Nope still tearing, though not as bad. It doesn't tear on the first rise, only when it's in the pan. Oh, well. It tastes amazing so I guess we will have to live with ugly bread.







:


----------



## 425lisamarie (Mar 4, 2005)

A couple things it could be....are you kneeding in a mixer? Make sure the dough doesn't get too dry, it should be tacky if you push the palm of your hand down it will slightly tack to your hand.

Also, if you let the bread rise too long the first rise, (w hich I do on purpose because i make more rustic country loaves) it will be harder to squish all the air bubbles out. When you punch it down to shape in to the loaves, make sure you are getting all the air bubbles out. Dump your dough out, and pat it out wtih your fingers in to a rectangle. Then fold it like an envelop over on itself and let it rest a few minutes to relax. Then shape it in to your loaves.

And last, make sure you are slashing the tops right before putting in the oven. This way the steam escapes and you get rise where you want it, and it won't split


----------



## cjr (Dec 2, 2003)

I do kneed in a mixer, but the dough is not dry. It's on the wet side. I always have to add alittle flour to it to keep it from sticking the mixing bowl.

I did make sure the air was out. I squished it down and pushed it into a rectagle, flipped it over and pushed some more, then rolled it tight.

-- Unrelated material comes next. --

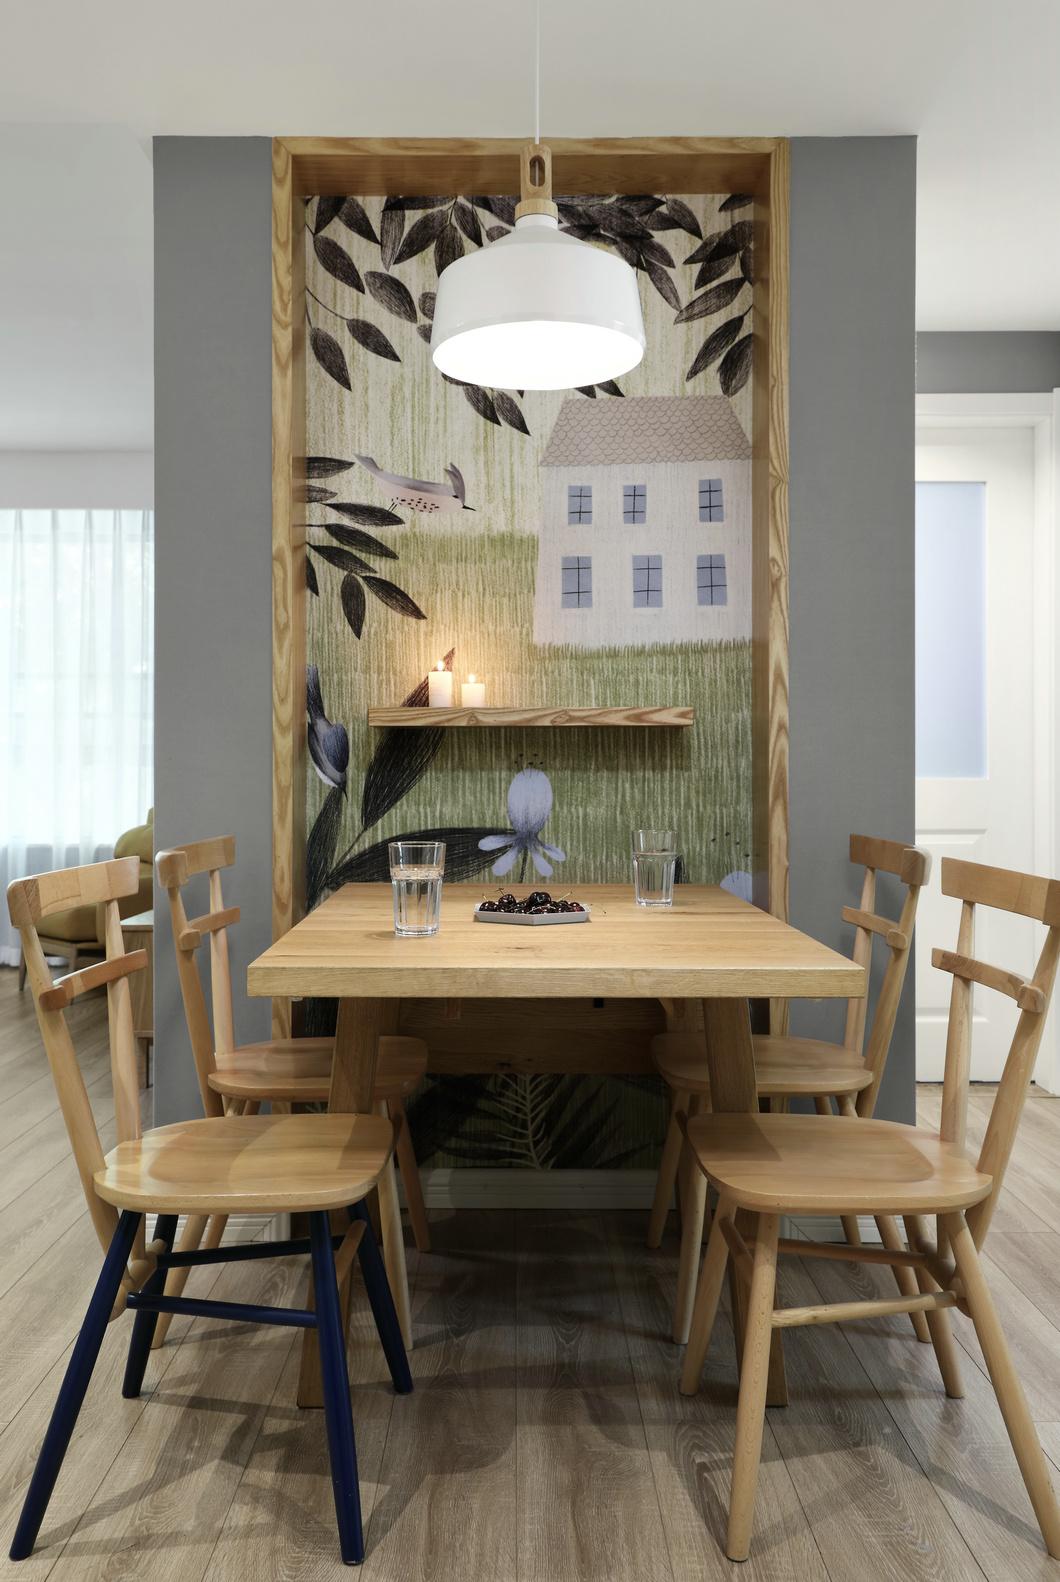 餐厅以灰色和木色基调打造,营造出舒适的用餐环境,简洁大方的布局使空间通透宽敞。
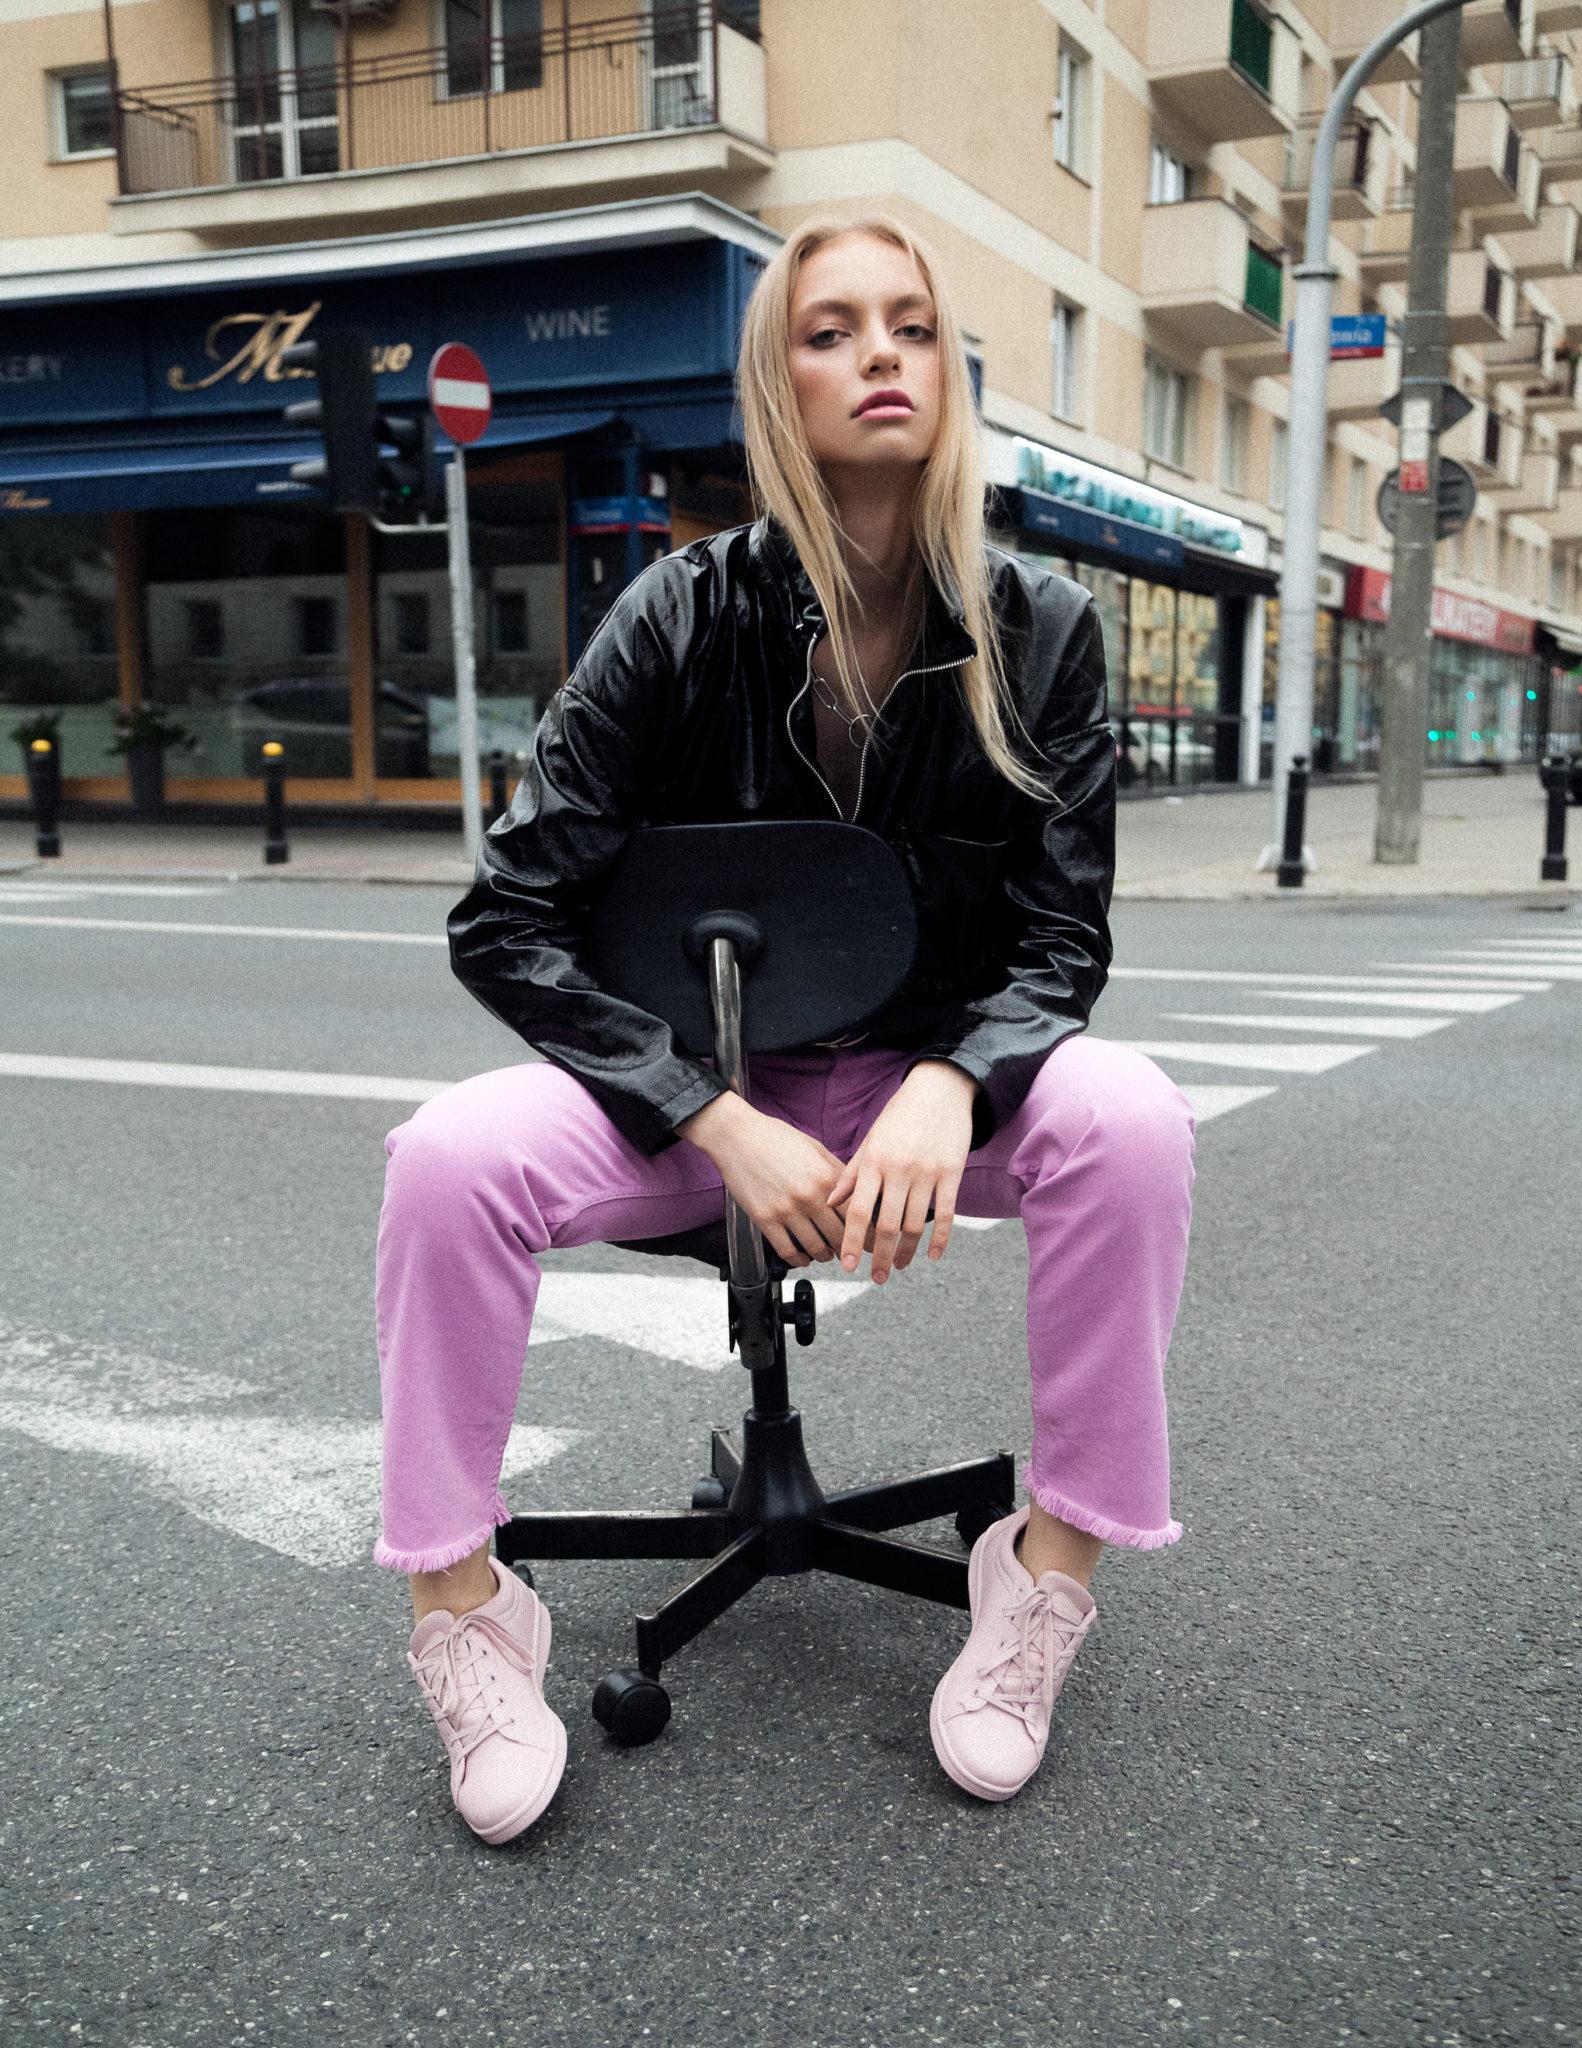 Dziewczyna w różowych spodniach i czarnej kurtce siedzi na środku ulicy na krześle z kółkami

These loaves are not getting the hole in the center, but as the dough rises it tears. So I get these huge "rips" along the side and the tops. I slash the dough 5 min before putting it in the oven. Then when it goes in the oven it does this huge rise in the oven and the whole sides get ripped up.

The bread tastes great. It's so soft and chewy. Great for sandwhiches. The first time I made it, it was beautiful. Then each time I make it they get more and more "rustic" looking. I just can't pin point it. The only thing I can think of is too much yeast and it's rising too fast. However this last time It took almost 2 hours to double on the first rise, and 1 hour to double on the second. It didn't rip as much, but it still ripped. The loaves are also huge. So big that a slice won't fit in the toaster, is rises that much in the oven.


----------



## 425lisamarie (Mar 4, 2005)

Quote:


Originally Posted by *cjr* 
I do kneed in a mixer, but the dough is not dry. It's on the wet side. I always have to add alittle flour to it to keep it from sticking the mixing bowl.

I did make sure the air was out. I squished it down and pushed it into a rectagle, flipped it over and pushed some more, then rolled it tight.

These loaves are not getting the hole in the center, but as the dough rises it tears. So I get these huge "rips" along the side and the tops. I slash the dough 5 min before putting it in the oven. Then when it goes in the oven it does this huge rise in the oven and the whole sides get ripped up.

The bread tastes great. It's so soft and chewy. Great for sandwhiches. The first time I made it, it was beautiful. Then each time I make it they get more and more "rustic" looking. I just can't pin point it. The only thing I can think of is too much yeast and it's rising too fast. However this last time It took almost 2 hours to double on the first rise, and 1 hour to double on the second. It didn't rip as much, but it still ripped. The loaves are also huge. So big that a slice won't fit in the toaster, is rises that much in the oven.


I think those rips on the sides/tops could be from the way you are forming them. When I have wet dough that I can't really wrap under itself well that happens.


----------